Old-school Mac malware is hiding in plain sight in this productivity app

That of course makes the app appear genuine, although there are plenty of things that give it away if you know where to look.

Security matters

The reappearance of XLoader was first picked up by SentinelOne, with the blog noting that, unlike previous iterations that targeted the Java Runtime Environment, this new one is a different animal.

"XLoader has returned in a new form and without the dependencies," the blog notes. "Written natively in the C and Objective C programming languages and signed with an Apple developer signature, XLoader is now masquerading as an office productivity app called ‘OfficeNote’."

The whole thing has an appearance of legitimacy, but there are signs that something is afoot. For starters, the malware is delivered in an Apple disk image called OfficeNote.dmg, which should be enough to raise the alarm. Another issue is the Apple developer signature by the name of MAIT JAKHU (54YDV8NU9C).

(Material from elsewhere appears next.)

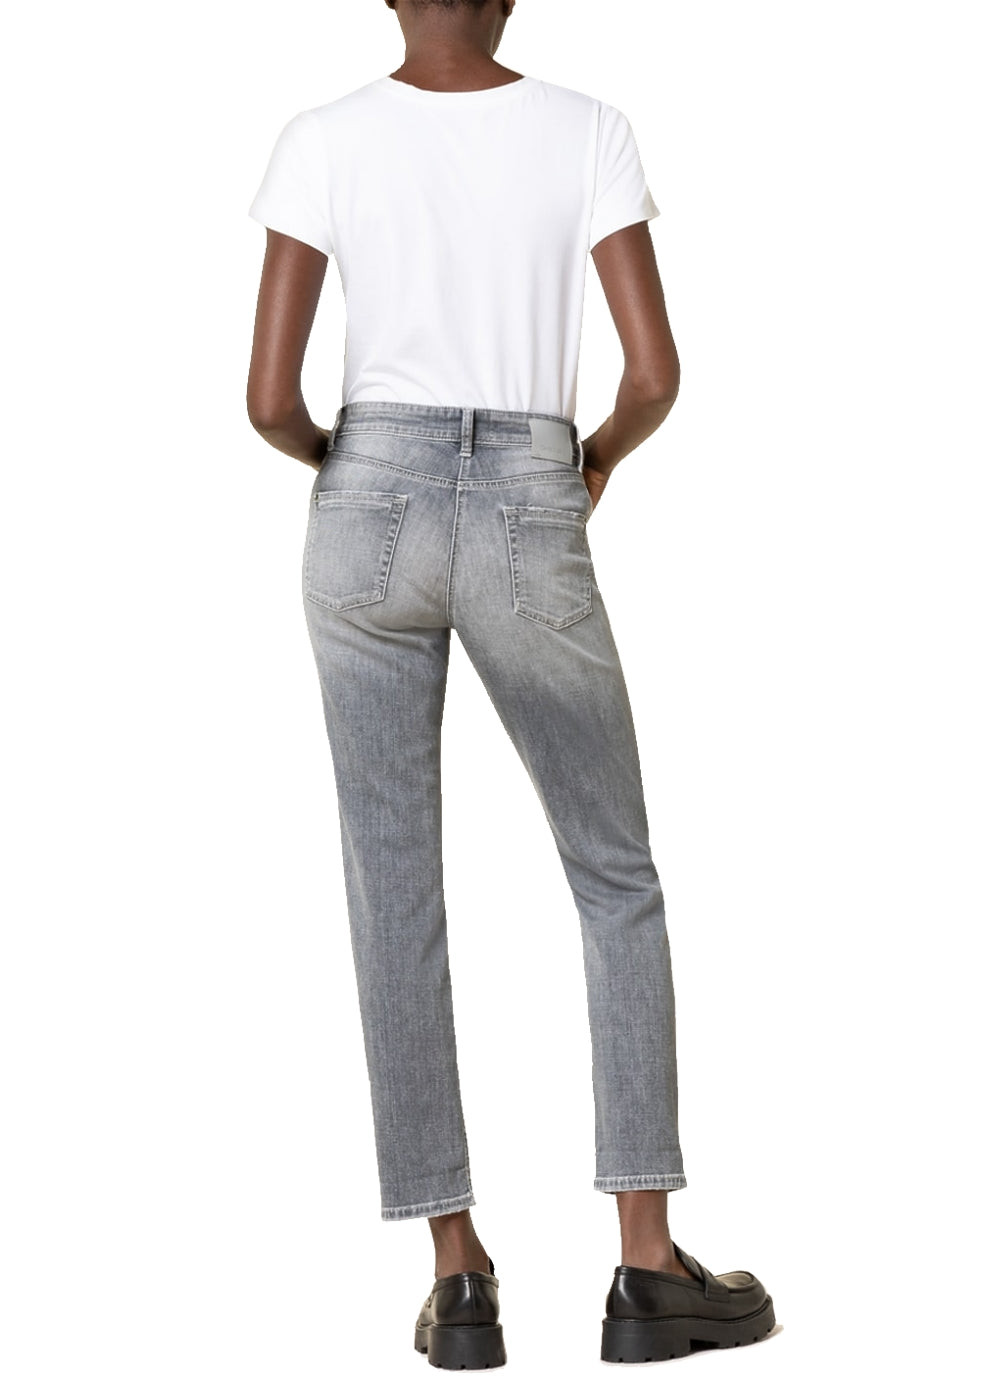 Cambio Jeans Pina short in hellgrau. Schmal geschnittene 5-Pocket Hose mit normaler Taille von Cambio online kaufen. Slim fit Jeans mit modischer 7/8 Länge und moderaten destroyed Elementen aus der neuen Cambio Kollektion.

Thankfully, Apple has now revoked that signature but XProtect, the Mac's malware-blocking tool, wasn't preventing the app from launching at the time of writing — so if you don't notice something's amiss, macOS will launch it.

Once that happens XLoader will start watching Chrome and Firefox web browsers and start collecting data from them. Safari isn't targeted which is another reason to give it a try if you haven't of late.

The new iteration of XLoader is definitely going after business users so this is one for I.T. departments to be aware of. But it's another reminder that malware does exist on the Mac, no matter how much Apple's promotional materials might like to make it appear otherwise.